Harry Schaack Editorial 2

EDITORIAL

LIEBE LESER,

Wien war zwischen den 1880er Jahren bis zum „Anschluss“ 1938 und der darauf folgenden dunklen Epoche des Nationalsozialismus eines der wichtigsten Schachzentren der Welt. Die besondere geographische Lage mitten in Europa erwies sich für die Donaumetropole als außerordentlich ergiebig. Nach Pogromen in Polen und Russland in den 1880er Jahren immigrierten viele Juden in die Stadt und machten sie zu einem Schmelztiegel. Die Einwanderungswelle und das aneinander Reiben der unterschiedlichen Kulturen brachten nicht nur etliche große Literaten, Musiker, Maler und Wissenschaftler hervor, sondern legten auch die Basis für das „Goldene Zeitalter“ des Schachs. Viele gute Spieler fanden eine neue Heimat in Wien, und finanzstarke jüdische Mäzene schufen für die angewachsene Schachszene Betätigungsfelder. Baron Rothschild, Kolisch, Trebitsch u.a. organisierten zwischen 1883 und 1938 zahlreiche hochkarätige Turniere, die immer wieder die Weltspitze nach Wien führte. Der Höhepunkt stellte sich 1910 mit dem Match um die Weltmeisterschaft zwischen dem besten Österreicher Carl Schlechter und Emanuel Lasker ein, das unter dramatischen Umständen mit einem Unentschieden endete.

Schließlich gab es literarische Begabungen wie Georg Marco, die dem Geschehen in Form der Wiener Schachzeitung und anderen Publikationen ein Sprachrohr verliehen, das weit über Österreich hinaus zu hören war.

Wien entwarf sich stets auch über politische Spannungen und ideologische Lager, die bis in die Gegenwart fortwirken.

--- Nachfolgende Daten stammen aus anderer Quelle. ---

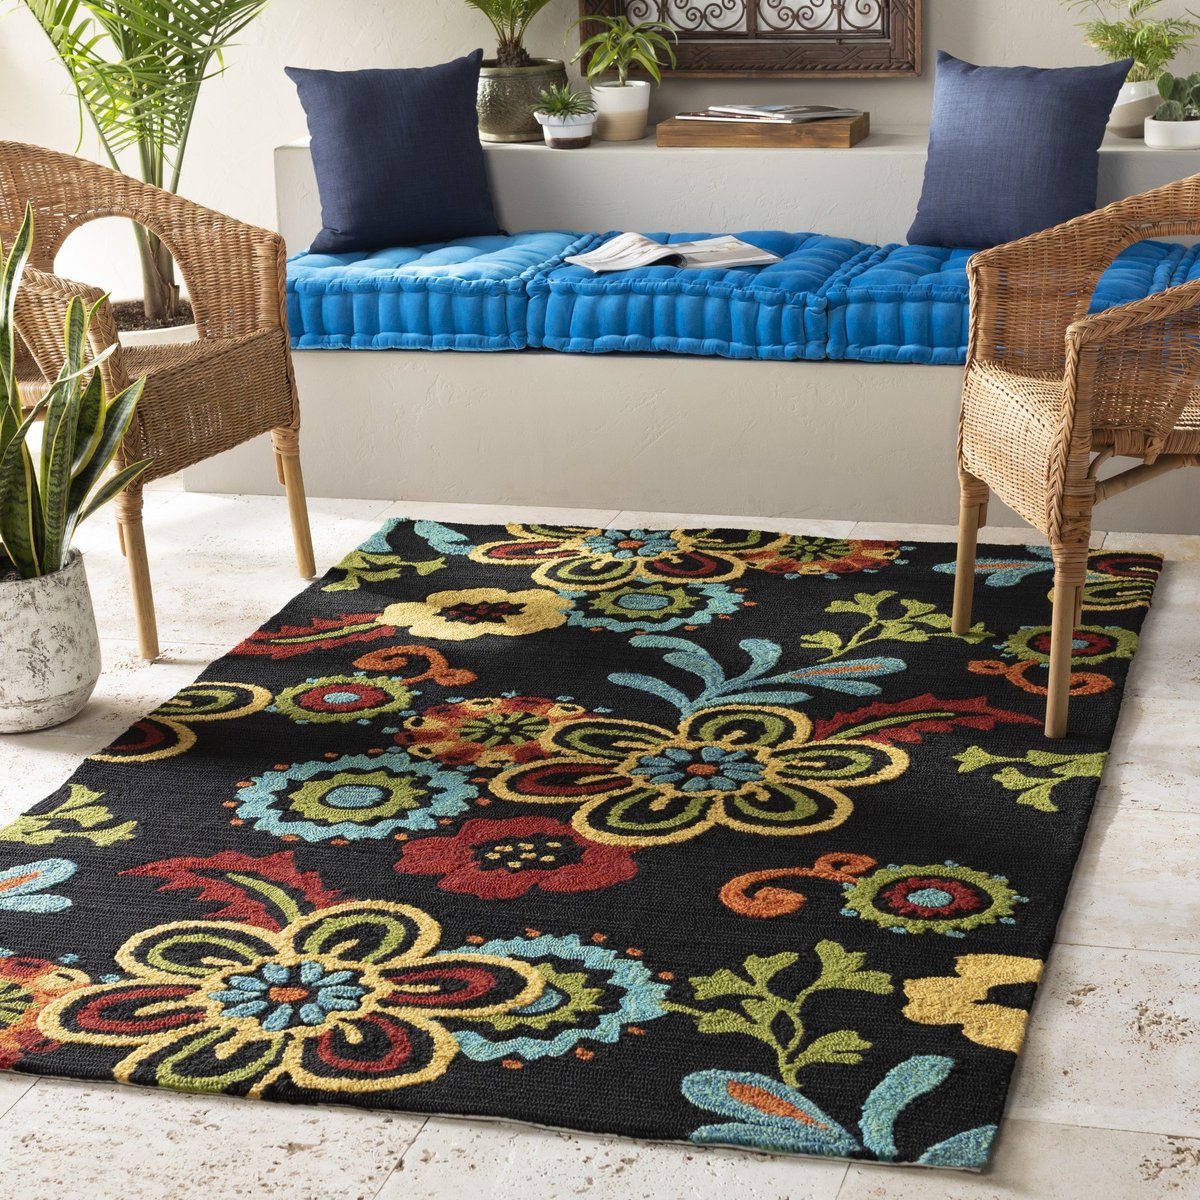 Rugs.com - 4' x 6' Everyday Performance Rug Pad 1/4 Thick Felt & Non-Slip  Backing Perfect for Any Flooring Surface

Juden, die Rechtskonservativen, die Bürgerlichen und das links gerichtete Arbeiterschach fochten auch über das königliche Spiel heftig ihre Standpunkte aus. In den 1920er Jahren zählte die Stadt 120 Vereine unterschiedlichster Couleur, allen voran der Wiener Schachklub mit seinen 600 Mitgliedern.

Wenn nicht in den Vereinen, dann traf man sich in einem der zahlreichen Schachcafés. Hier verwischten sich nicht selten politische Meinungen und gesellschaftliche Schichten. Das spezifische Wiener Kaffeehaus bot einen geschützten Ort, in dem sich die Boheme in einem Raum der Zwecklosigkeit entfalten konnte. Gerade diese Institution wurde für viele zum neuen Lebensgefühl, das nach dem Zweiten Weltkrieg nur noch in schwacher Form einen Nachhall fand und heute fast gänzlich aus der Stadt verschwunden ist.

Der Niedergang kam schließlich mit der Vertreibung und Ermordung der jüdischen Bevölkerung. Mit diesem Exodus verlor auch Wien seine Bedeutung, die es bis heute nicht wieder erlangt hat.

Unser Heft will diesen blühenden Zeiten, die eine ungeheure kulturelle Vielfalt rund um das Schachspiel hervorbrachte, der Vergangenheit entreißen.

Mein besonderer Dank gilt den Wienern Michael Ehn und Ernst Strouhal, die in jeglicher Hinsicht wertvolle Beiträge zum Entstehen dieses Heftes geliefert haben. Außerdem bin ich dem Direktor des Bildarchivs der Österreichischen Nationalbibliothek Hans Petschar verbunden, der freundlicherweise die Vorlage für das Titelbild zur Verfügung stellte.